Immer mehr Mubarak-Unterstützer strömen auf die vom Militär gesperrte Straße am Nilufer, einige gehen auch direkt zu ihrem eigentlichen Ziel, dem Tahrir-Platz. Sie bauen sich vor den Absperrungen des Militärs auf und beschimpfen die Regierungsgegner, die mit Tüten voll Brot und Wasserkartons auf den Platz wollen, um ihre Freunde zu versorgen. Die jungen Soldaten sehen hilflos zu. Das Versprechen der Armeeführung, nicht gegen ägyptische Zivilisten vorzugehen, gilt für alle. Auf dem Platz geht es friedlich zu, wie die Tage zuvor. Noch immer harren hier Tausende aus, treffen Freunde, räumen auf, eine alte Frau hat Besen und Schaufel mitgebracht, um zu helfen. Die neueste Ausgabe der »Revolutionsnachrichten« wird verteilt, ein freiwilliges Ärzteteam bietet seine Hilfe an, immer wieder kommen Gruppen zusammen, um Parolen zu rufen.

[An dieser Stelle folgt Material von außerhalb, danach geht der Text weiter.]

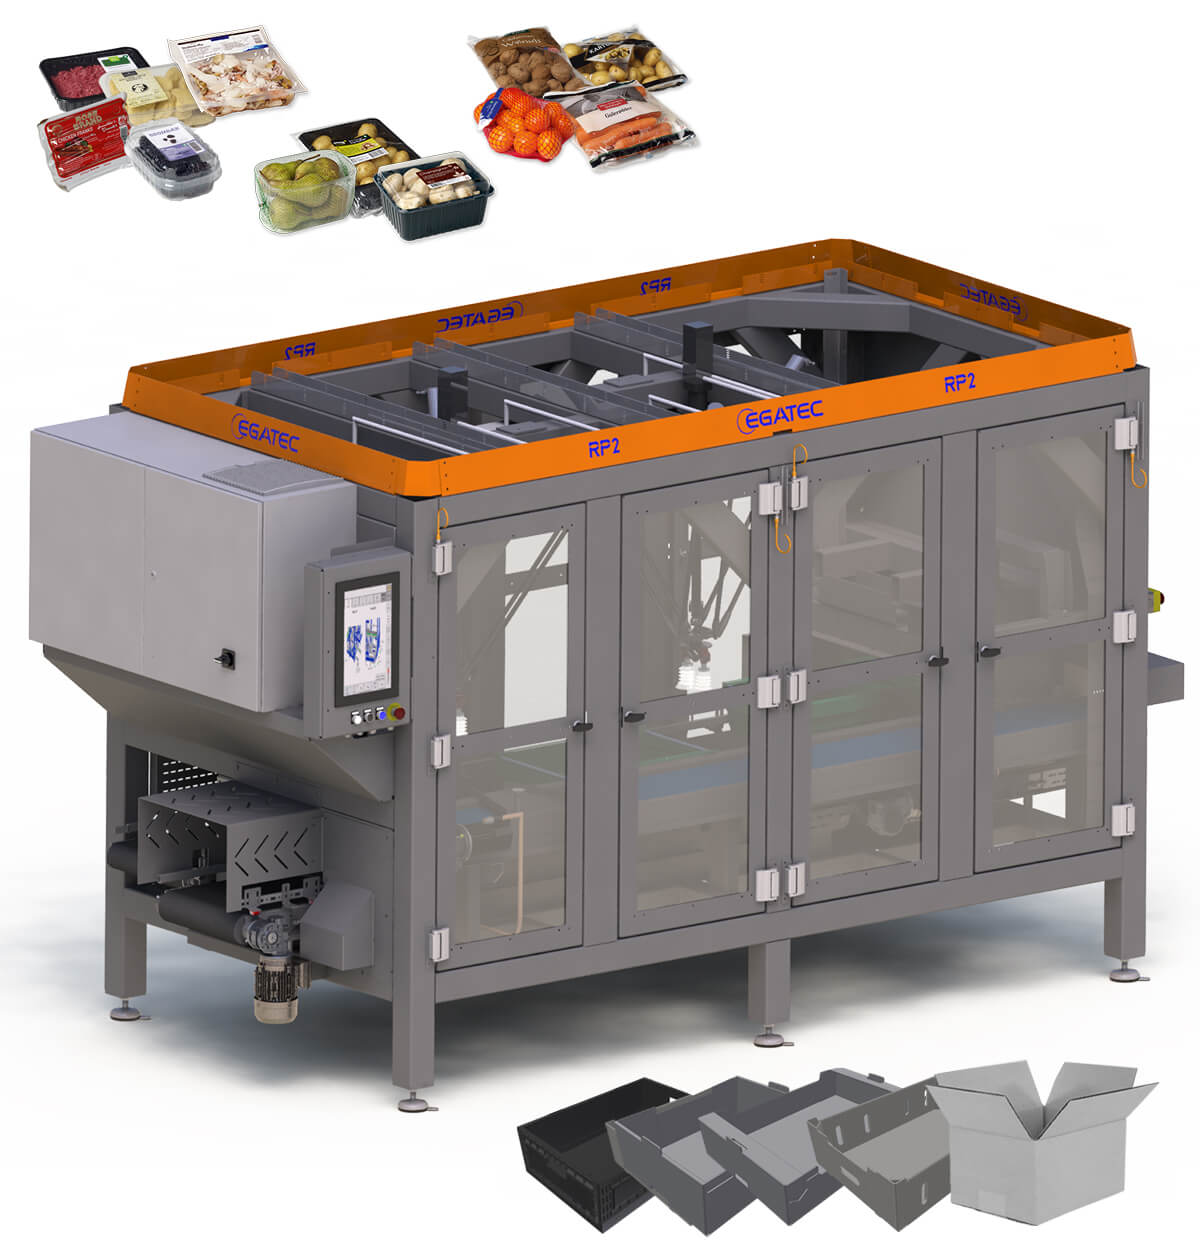 Robot packaging machine

Ghada Shabander ist nach acht Tagen Protesten zwar müde, entschuldigt sie sich, doch noch nie habe sie sich als Ägypterin so stolz gefühlt. Angesprochen auf die Mubarak-Unterstützer, die sich nur wenige Hundert Meter entfernt versammeln, meint sie, das sei ein gutes Zeichen für eine demokratische Entwicklung: »Einige sind für Mubarak, andere dagegen. Alle können ihre Meinung sagen«. Doch warum einige meinten, dass es Chaos gebe, wenn Mubarak zurücktrete, versteht sie nicht. Die Armee sei sehr stark und habe bewiesen, dass sie gegenüber dem Volk und gegenüber dem Land loyal sei, meint die Menschenrechtsaktivistin. Die Ägypter seien sehr wohl in der Lage, sich selber zu organisieren und auch sich selber zu schützen. Seit die Polizei am Freitag die Öffentlichkeit verlassen habe, hätten sie selber in ihren Vierteln mit ihren Nachbarn für Sicherheit gesorgt und eine eigene »Polizei des Volkes« gebildet. Sie sei sicher, dass bald Personen an die Öffentlichkeit treten würden, die auch einen politischen Wechsel in die Hand nehmen könnten.
Während des Gesprächs mit der Menschenrechtsaktivistin, die selber schon von Mubaraks Sicherheitskräften geschlagen und verhaftet wurde, ist es spät geworden. Auf den Straßen um den Tahrir-Platz werden die Massen der Unterstützer des Präsidenten immer dichter. Kurz nachdem wir uns verabschiedet haben, überrennen sie die Militärposten und verprügeln die Regierungsgegner auf dem Tahrir-Platz, die sich mit Steinen zur Wehr setzen. Reiterstaffeln zu Pferd und mit Kamelen jagen durch die Menschenmengen, kaum jemand zweifelt, dass die Truppen des Innenministeriums zurückgekehrt sind, in Zivil. Vom Dach des Nationalmuseums schleudern Männer Steine und andere Gegenstände auf die Regierungsgegner, Tränengaskartuschen explodieren, von denen niemand weiß, wer sie in dem Durcheinander geworfen hat. Das Militär gibt Warnschüsse ab, Verletzte werden davongetragen. Kairo driftet ins Chaos.